Gerry rose from the table. From his pocket he removed a piece of paper and unfolded it. It was a composite that Gerry had paid a courthouse artist in Atlantic City to draw of the man he’d seen in the hospital stairwell. He handed the drawing to his father.
“Just look at the case some more, Pop, that’s all I’m asking.”
Valentine patted his son on the back. It was tough to lose a childhood friend, harder still when you thought the friend had been murdered.
“I’ll do what I can,” Valentine said.
3
Gerry left, and Valentine went inside and back to work. As he walked through the rooms to his office, he paused to dust off a stack of videotapes. Along with his collection of crooked gambling equipment and books, the house contained his massive library of casino surveillance tapes and DVDs. Twenty-five years of cases were shoved into the dwelling, and every inch of storage space was filled with boxes.
He hadn’t intended for the house to be that way. When he’d retired from the Atlantic City Police Department and moved to Florida two years before, he’d been ready to turn his back on the gambling world. But then his wife had died, and his social life had vanished. His days had turned into treading water. Out of necessity he’d gone back to work and started his consulting business.
His office was in the rear of his house. Normally his office manager, Mabel Struck, was manning the phones, but she had taken a much-deserved vacation, and was cruising the Caribbean.
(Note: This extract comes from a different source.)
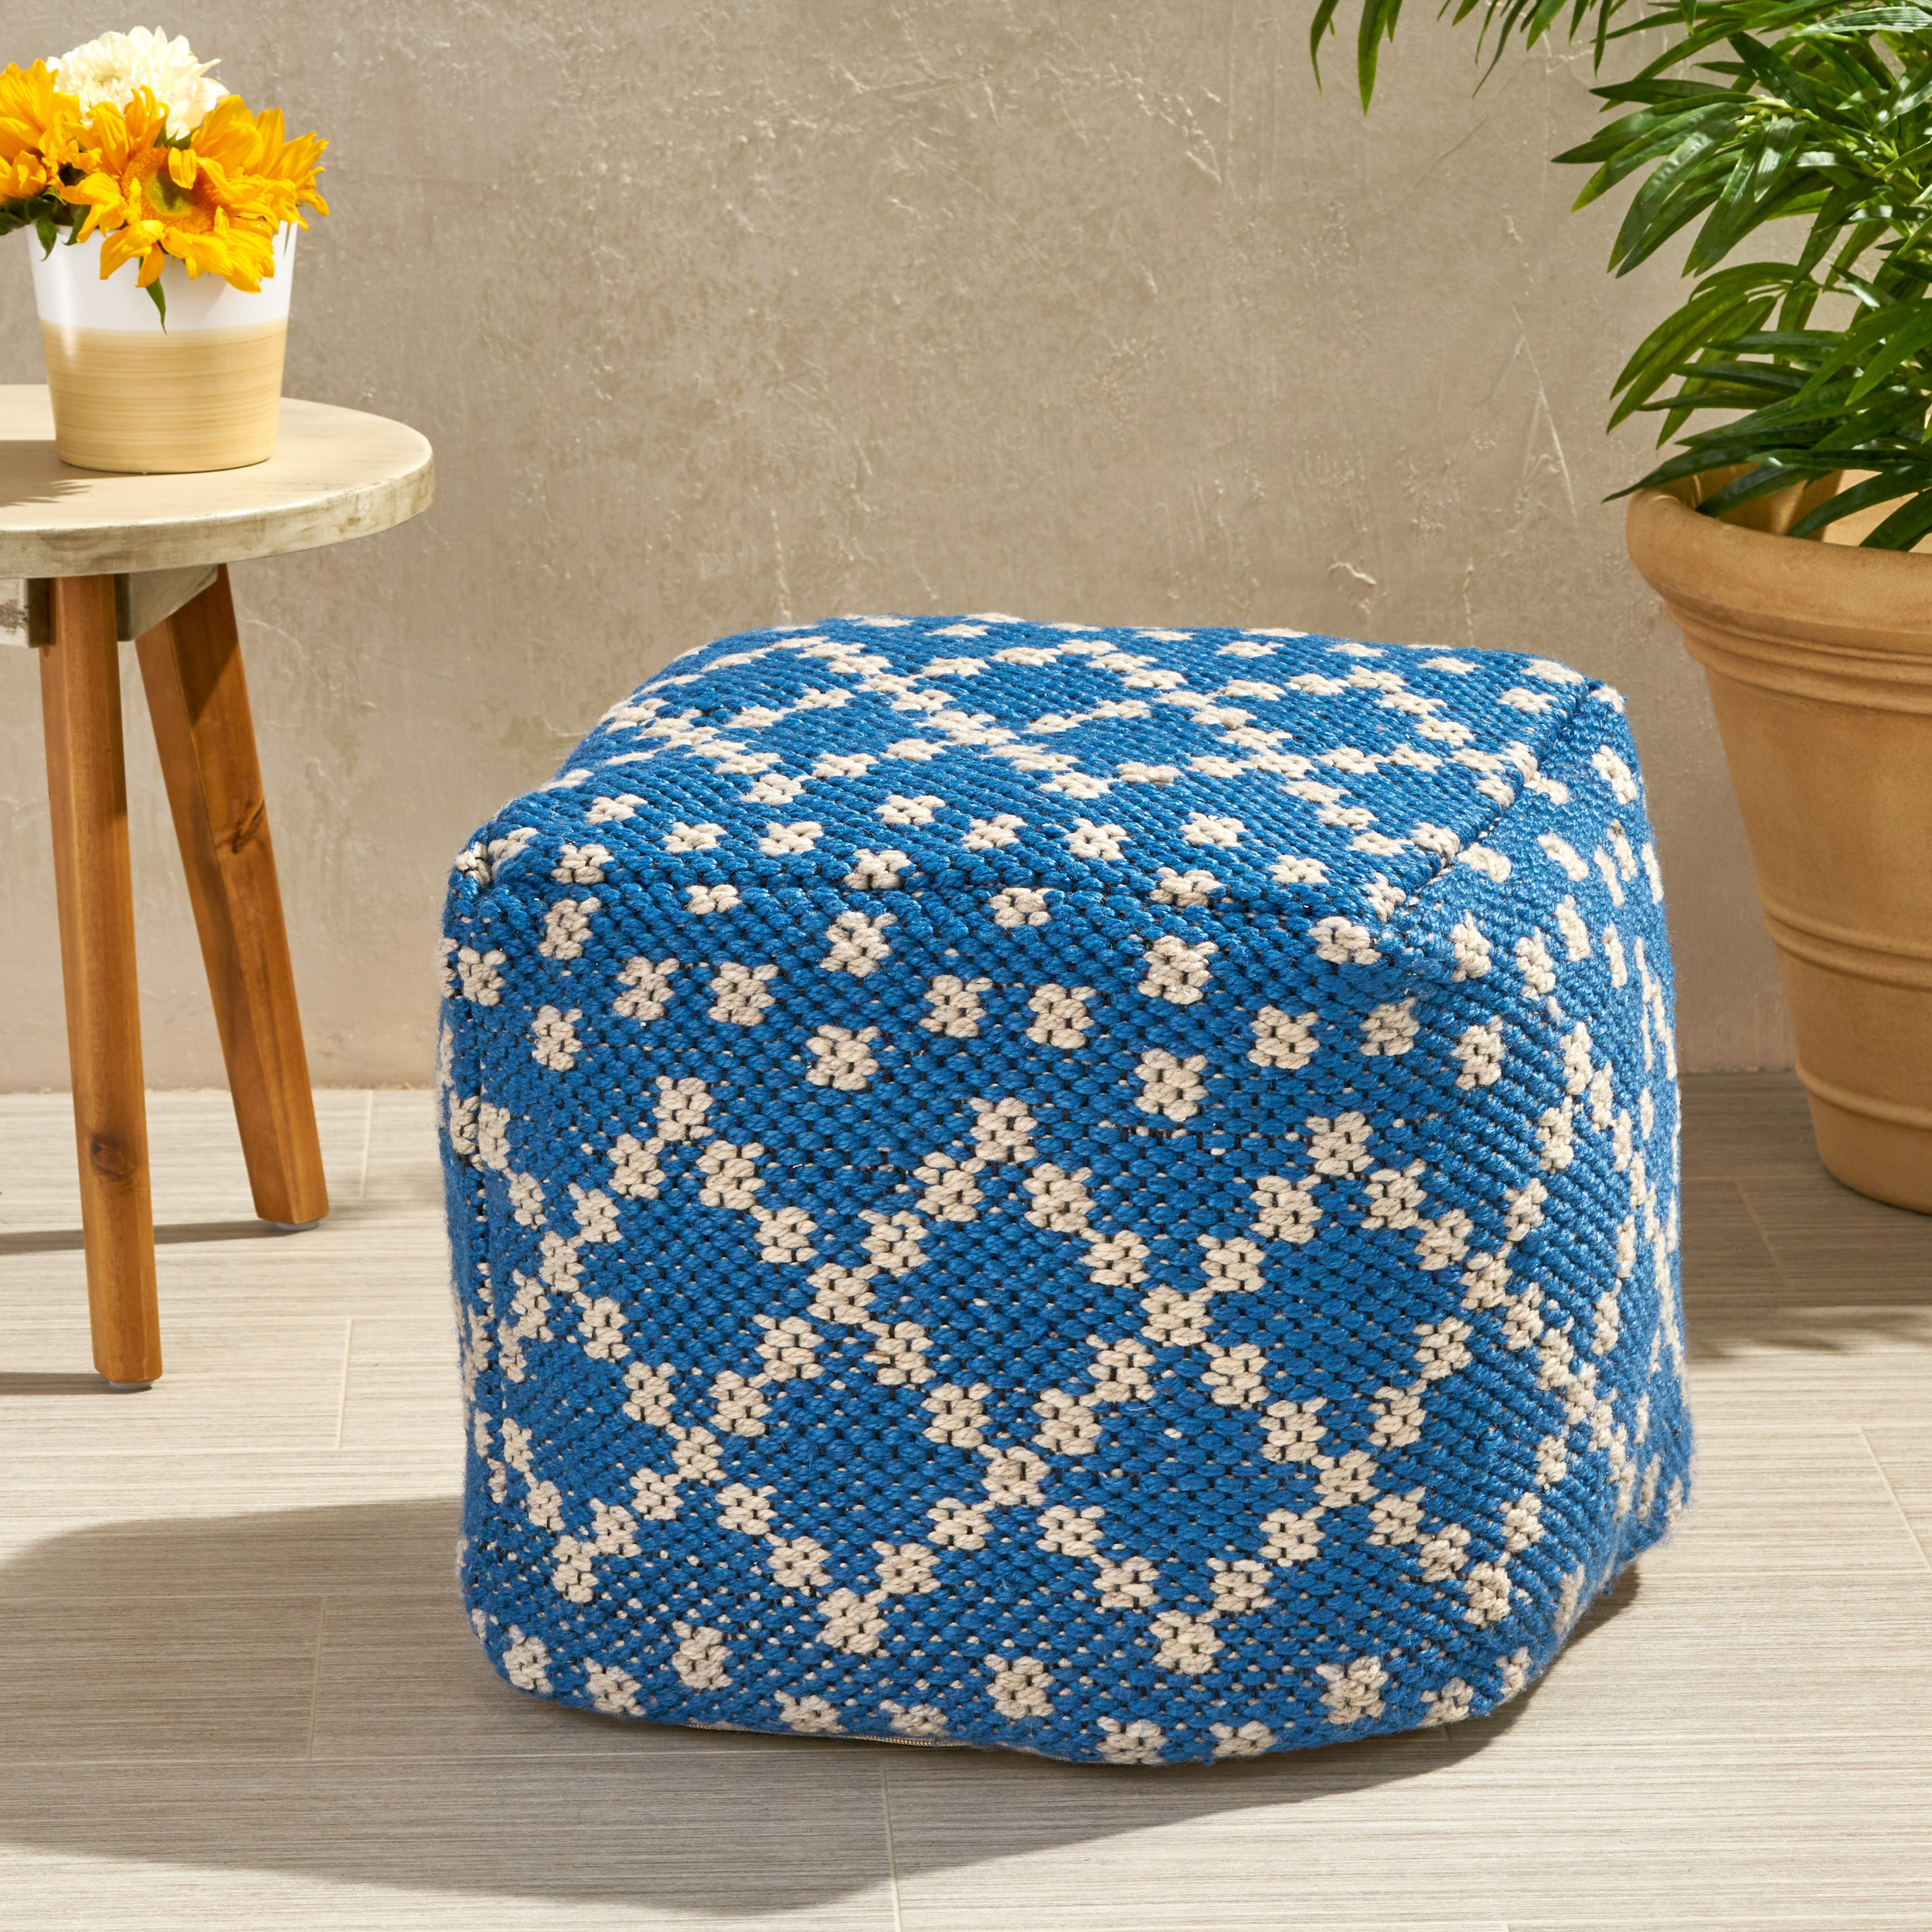 Ophelia Outdoor Handcrafted Boho Fabric Cube Pouf, Blue and White - image 2 of 6

The room felt lonely without her, and he sat at his desk and sorted through the mail.
Today’s batch contained several letters from frantic casino bosses. Every day somewhere a casino got ripped off. Sometimes, an old-fashioned grifter was responsible. In other cases, high-tech whiz kids were using a new gadget to beat the house. In this game of cat-and-mouse, the mouse sometimes won.
As he tore open each envelope, he checked to see if the sender had enclosed a check. That meant they were serious, and not shopping for free advice. Today’s mail had two checks. The first was from a French casino that was losing a few grand a night at baccarat. The second from a Houston oil man who believed he’d been ripped off in a private poker game. Each check was accompanied by a CD on which the sender had recorded the suspected cheater’s play. As Valentine popped the oil man’s CD into his computer, the office phone rang.